[EXERCISE]:
Look through the material that follows and show every line with the string "Multi".
....................
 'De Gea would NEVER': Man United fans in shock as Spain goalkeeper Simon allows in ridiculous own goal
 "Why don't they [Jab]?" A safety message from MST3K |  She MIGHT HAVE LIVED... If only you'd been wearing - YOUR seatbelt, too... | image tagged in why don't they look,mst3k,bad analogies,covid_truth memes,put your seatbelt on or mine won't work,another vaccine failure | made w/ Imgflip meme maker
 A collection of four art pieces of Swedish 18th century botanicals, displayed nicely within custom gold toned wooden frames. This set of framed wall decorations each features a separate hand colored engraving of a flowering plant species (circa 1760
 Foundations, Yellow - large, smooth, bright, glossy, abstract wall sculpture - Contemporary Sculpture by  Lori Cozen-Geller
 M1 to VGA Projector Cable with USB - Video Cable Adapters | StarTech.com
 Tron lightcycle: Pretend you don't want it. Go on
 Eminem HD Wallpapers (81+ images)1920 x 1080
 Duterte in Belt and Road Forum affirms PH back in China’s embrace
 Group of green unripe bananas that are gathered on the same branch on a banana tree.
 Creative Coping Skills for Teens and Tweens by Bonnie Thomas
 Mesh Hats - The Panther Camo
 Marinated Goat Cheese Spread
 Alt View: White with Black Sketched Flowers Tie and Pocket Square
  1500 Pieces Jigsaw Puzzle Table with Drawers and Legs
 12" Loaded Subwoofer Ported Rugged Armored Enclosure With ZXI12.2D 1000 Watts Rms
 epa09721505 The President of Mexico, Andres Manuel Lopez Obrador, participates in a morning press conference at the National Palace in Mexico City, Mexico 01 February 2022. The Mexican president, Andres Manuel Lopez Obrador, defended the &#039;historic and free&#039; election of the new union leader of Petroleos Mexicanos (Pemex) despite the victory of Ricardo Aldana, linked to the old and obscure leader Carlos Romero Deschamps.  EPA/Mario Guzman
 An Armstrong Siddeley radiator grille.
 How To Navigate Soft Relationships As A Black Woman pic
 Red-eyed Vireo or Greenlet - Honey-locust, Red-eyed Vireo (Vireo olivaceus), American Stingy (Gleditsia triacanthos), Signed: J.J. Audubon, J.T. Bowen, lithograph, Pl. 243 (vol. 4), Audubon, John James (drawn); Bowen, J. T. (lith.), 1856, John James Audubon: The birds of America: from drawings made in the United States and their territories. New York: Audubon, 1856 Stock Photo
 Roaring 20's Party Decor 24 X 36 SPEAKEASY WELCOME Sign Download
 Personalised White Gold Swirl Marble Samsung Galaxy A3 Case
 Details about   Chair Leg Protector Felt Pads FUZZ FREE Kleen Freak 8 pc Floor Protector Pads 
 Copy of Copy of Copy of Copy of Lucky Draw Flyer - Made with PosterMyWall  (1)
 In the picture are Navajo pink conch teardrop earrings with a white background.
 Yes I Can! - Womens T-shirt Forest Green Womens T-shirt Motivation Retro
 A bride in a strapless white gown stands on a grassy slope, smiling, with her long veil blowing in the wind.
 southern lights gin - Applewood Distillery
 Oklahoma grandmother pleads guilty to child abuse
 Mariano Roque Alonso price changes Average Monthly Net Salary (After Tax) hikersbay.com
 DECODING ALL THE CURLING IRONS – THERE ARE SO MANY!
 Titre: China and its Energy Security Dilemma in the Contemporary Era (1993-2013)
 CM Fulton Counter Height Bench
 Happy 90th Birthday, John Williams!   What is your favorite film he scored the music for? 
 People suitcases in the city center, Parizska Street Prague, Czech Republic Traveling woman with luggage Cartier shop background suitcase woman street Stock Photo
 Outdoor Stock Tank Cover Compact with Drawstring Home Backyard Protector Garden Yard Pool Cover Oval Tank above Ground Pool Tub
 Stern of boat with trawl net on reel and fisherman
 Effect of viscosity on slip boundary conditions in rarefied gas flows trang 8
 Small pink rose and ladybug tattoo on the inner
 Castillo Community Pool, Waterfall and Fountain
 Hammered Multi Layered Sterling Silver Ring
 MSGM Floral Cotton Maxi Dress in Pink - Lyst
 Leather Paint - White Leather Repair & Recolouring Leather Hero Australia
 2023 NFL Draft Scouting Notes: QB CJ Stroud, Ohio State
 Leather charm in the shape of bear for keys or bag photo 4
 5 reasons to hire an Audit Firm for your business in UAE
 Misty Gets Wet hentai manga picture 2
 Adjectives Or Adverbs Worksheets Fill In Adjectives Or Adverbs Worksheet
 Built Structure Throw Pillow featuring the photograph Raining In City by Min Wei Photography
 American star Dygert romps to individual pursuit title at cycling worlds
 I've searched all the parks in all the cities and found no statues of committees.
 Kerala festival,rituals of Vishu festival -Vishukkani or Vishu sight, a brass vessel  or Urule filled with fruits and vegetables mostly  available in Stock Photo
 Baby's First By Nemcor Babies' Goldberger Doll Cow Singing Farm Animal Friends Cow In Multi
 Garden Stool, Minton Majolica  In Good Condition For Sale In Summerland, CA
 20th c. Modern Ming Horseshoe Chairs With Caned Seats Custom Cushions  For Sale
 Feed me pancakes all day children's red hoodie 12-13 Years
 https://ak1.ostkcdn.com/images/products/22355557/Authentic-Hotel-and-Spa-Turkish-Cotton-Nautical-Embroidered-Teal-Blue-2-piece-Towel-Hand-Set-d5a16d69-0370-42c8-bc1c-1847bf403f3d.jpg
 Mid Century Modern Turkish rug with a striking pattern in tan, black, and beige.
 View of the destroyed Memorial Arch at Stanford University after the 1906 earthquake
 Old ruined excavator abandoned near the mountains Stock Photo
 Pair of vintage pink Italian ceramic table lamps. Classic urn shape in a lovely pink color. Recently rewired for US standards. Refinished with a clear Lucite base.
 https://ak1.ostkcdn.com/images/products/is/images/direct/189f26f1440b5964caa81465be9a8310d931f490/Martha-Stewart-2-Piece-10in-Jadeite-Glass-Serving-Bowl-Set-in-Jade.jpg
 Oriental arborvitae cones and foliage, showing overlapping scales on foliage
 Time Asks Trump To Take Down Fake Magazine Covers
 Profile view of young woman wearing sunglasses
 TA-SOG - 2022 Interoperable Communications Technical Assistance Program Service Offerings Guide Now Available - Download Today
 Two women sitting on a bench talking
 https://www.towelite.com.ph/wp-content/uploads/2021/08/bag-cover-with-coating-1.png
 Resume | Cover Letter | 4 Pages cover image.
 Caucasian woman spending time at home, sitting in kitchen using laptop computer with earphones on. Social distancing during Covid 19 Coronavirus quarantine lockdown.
....................
[SOLUTION TO THE PROBLEM]:
 Hammered Multi Layered Sterling Silver Ring
 Baby's First By Nemcor Babies' Goldberger Doll Cow Singing Farm Animal Friends Cow In Multi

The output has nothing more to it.